The syntax for Maxima is more natural, with things like lists and loops and lambda functions working more or less the way I expect. However, whenever I tried to do something with a function that isn’t the most common use case, I found the documentation lacking and often ended up combing through old forum posts.

Initially I tried to generate a list with a cartesian product like my Mathematica version, but I couldn’t figure out how to do that, eventually I gave up and used 4 nested for loops because that was better documented.

Another thing I had difficulty with was transforming a nested list into a matrix using the matrix command. Normally you would create a matrix with matrix([1,2],[3,4]), so by passing in two parameters. The function doesn’t handle passing in matrix([[1,2],[3,4]]), so to get around that you need to invoke a macro: funmake(‘matrix,[[1,2],[3,4]]).

Overall I found that the lack of documentation made the system frustrating to work with. I would however use it for simpler computations that fall under the common use cases — these are usually intuitive in Maxima.

Here’s the program I came up with:

Middle:matrix([2,0],[0,3]);
Ident:identfor(Middle);
for a:0 thru 4 do
  for b:0 thru 4 do
    for c:0 thru 4 do
      for d:0 thru 4 do
        (P:funmake('matrix,[[a,b],[c,d]]),
         P2:transpose(P).Middle.P,
         if matrixmap(lambda([x],mod(x,5)),P2) = Ident then
             print(P));

Shortly after writing this I realized I didn’t actually need the funmake macro, since there’s no need to generate a nested list in the first place, I could simply do matrix([a,b],[c,d]). Oh well, the point still stands.

Maple

Maple is a proprietary system developed by Maplesoft, a company based in Waterloo. Being a Waterloo student, I’ve had some contact with Maple: professors used it for demonstrations, some classes used it for grading. Hence I felt compelled to give Maple a shot.

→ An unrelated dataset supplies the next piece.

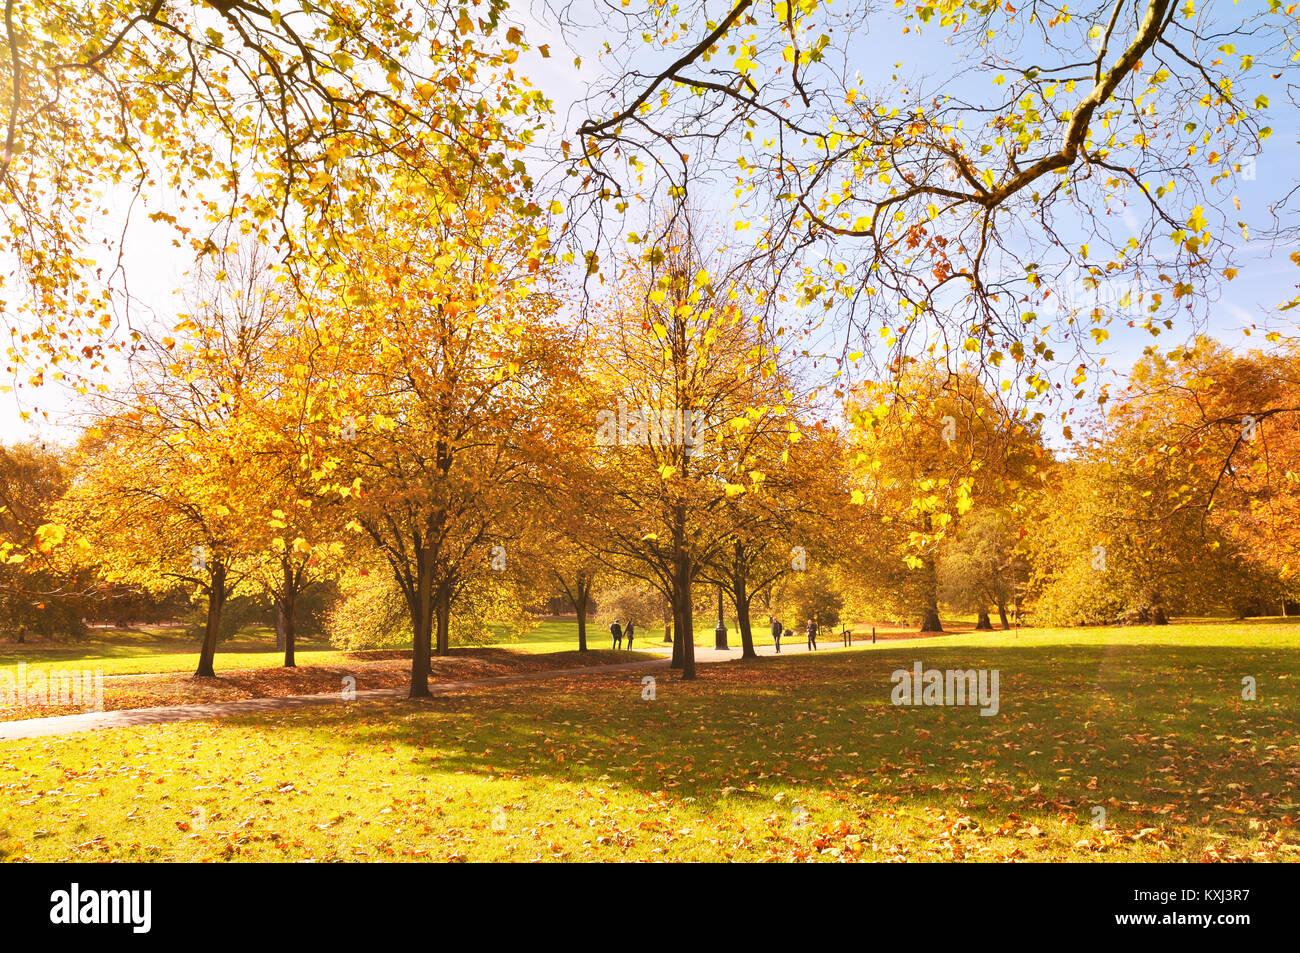 Green Park, Londra. Una giovane coppia camminare mano nella mano tra colorate di alberi in una bella giornata di sole in autunno. Foto Stock

At first I was pleasantly surprised that matrix multiplication in a finite field was easy — the code to calculate A*B in \mathbb{Z}_5 is simply A.B mod 5. But everything went downhill after that.

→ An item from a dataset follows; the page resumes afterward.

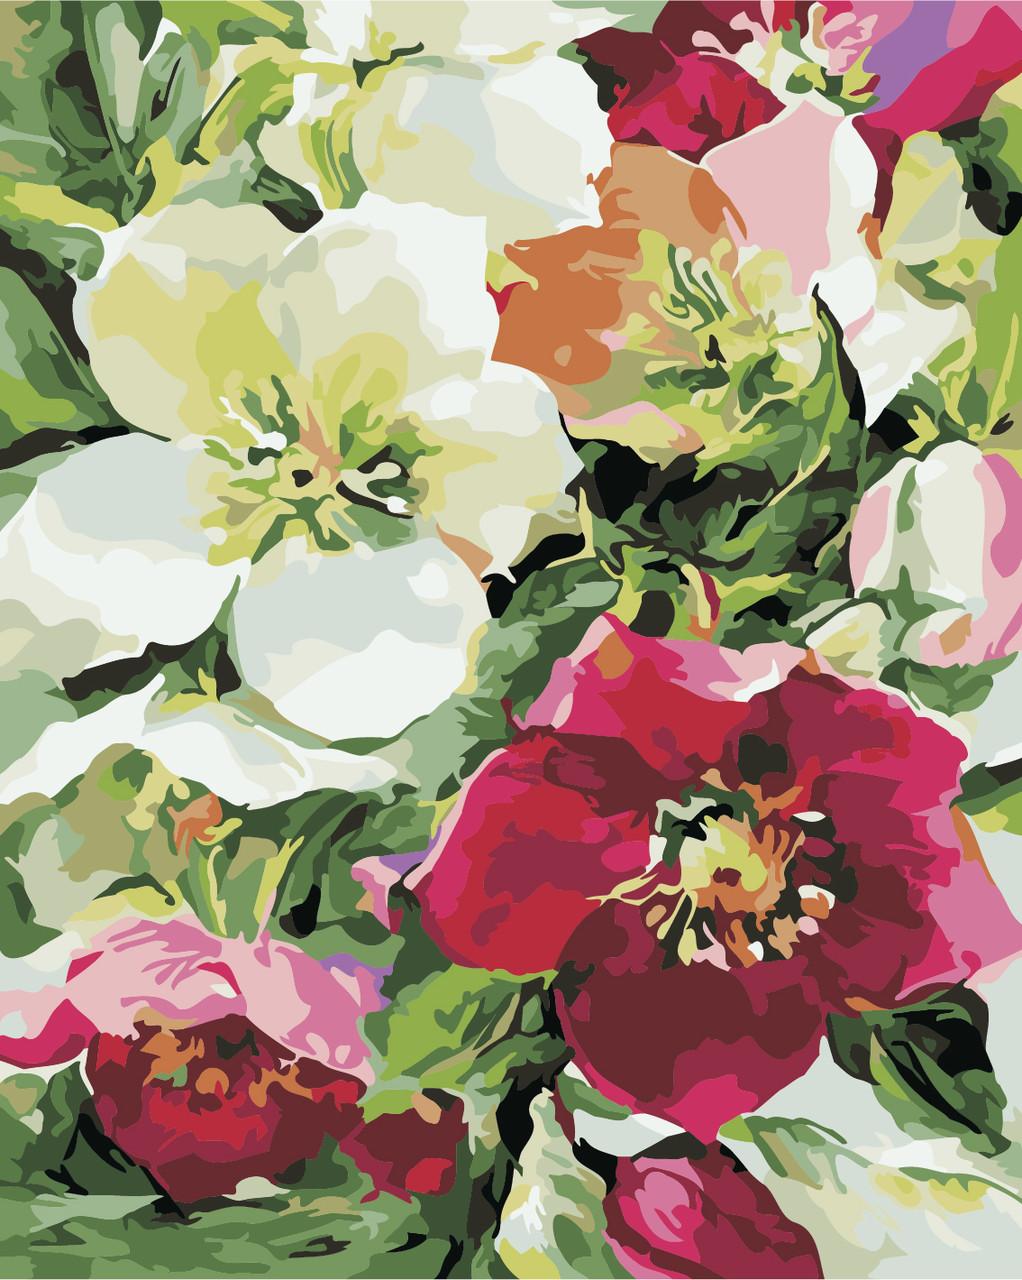 Картина по номерам Цветочное настроение 40 х 50 см (AS0340)

The UI for Maple feels very clunky. Some problems I encountered:

  • It’s not clear how to halt a computation that’s in a an infinite loop. It doesn’t seem to be possible within the UI, and the documentation suggests it’s not possible in all cases (it recommends manually terminating the process). Of course, this loses all unsaved work, so I quickly learned to save before every computation.
  • I can’t figure out how to delete a cell without googling it. It turns out you have to select your cell and a portion of the previous cell, then hit Del.
  • Copy and pasting doesn’t work as expected. When I tried to copy code written inside Maple to a text file, all the internal formatting and syntax highlighting information came with it.
  • Not an UI issue, but error reporting is poor. For example, the = operator works for integers, but when applied to matrices, it silently returns false. You have to use Equals(a,b) to compare matrices (this is kind of like java).

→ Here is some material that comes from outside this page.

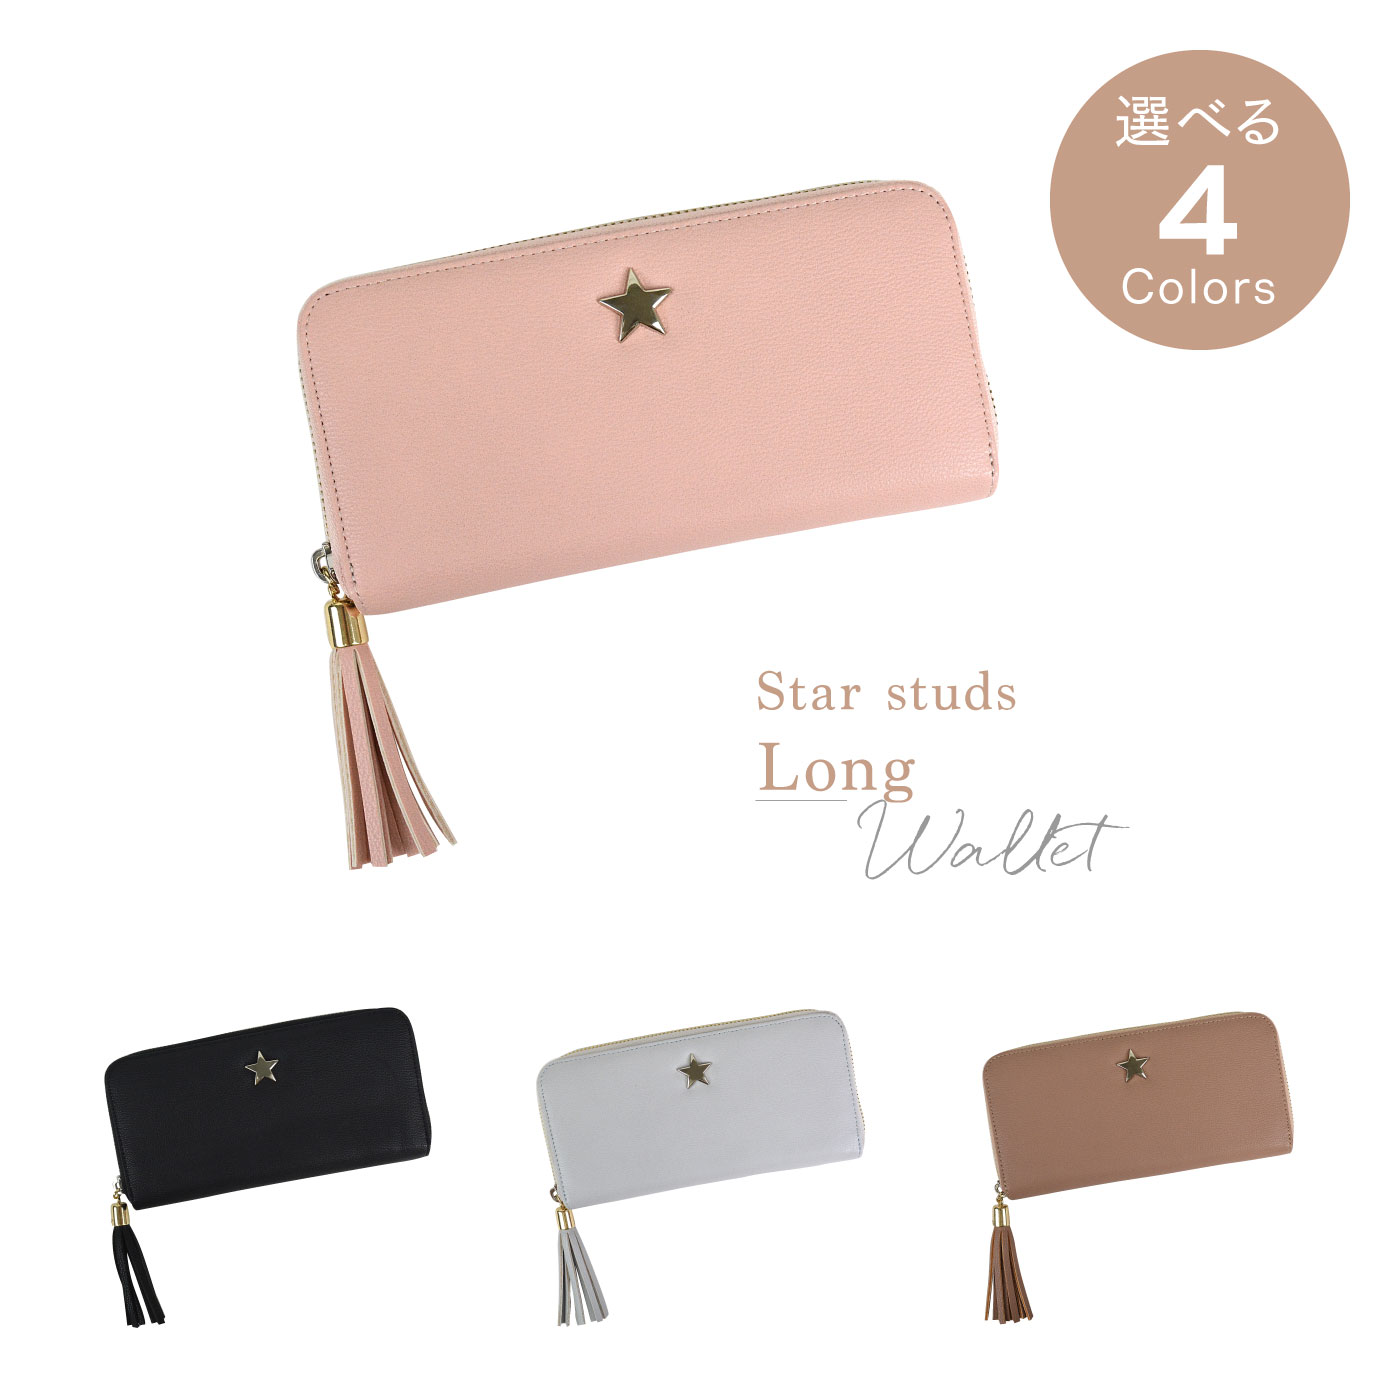 星のスタッズがおしゃれな ファスナー長財布

In the end, I managed to complete the task but the poor UI made the whole process fairly unpleasant. I don’t really see myself using Maple in the future; if I had to, I would try the command line.

Here’s the program I came up with:

with(LinearAlgebra):
with(combinat, cartprod):
L := [seq(0..4)]:
T := cartprod([L, L, L, L]):
Middle := <2,0;0,3>:
while not T[finished] do
  pre_matrix := T[nextvalue]();
  matr := Matrix(2,2,pre_matrix);
  if Equal(Transpose(matr).Middle.matr mod 5, IdentityMatrix(2)) then
    print(matr);
  end if
end do:

Conclusion

After the brief trial, there is still no clear winner, but I have enough data to form some personal opinions:

  • Mathematica is powerful and complete, but has a quirky syntax. It has the most potential — definitely the one I would go with if I were to invest more time into learning a CAS.
  • Maxima is lightweight and fairly straightfoward, but because of lack of documentation, it might not be the best tool to do complicated things with. I would keep it for simpler calculations though.
  • Maple may or may not be powerful compared to the other two, I don’t know enough to compare it. But its UI is clearly worse and it would take a lot to compensate for that.

I’ve posted this discussion on some discussion boards for Mathematica and Maple, you might find them informative.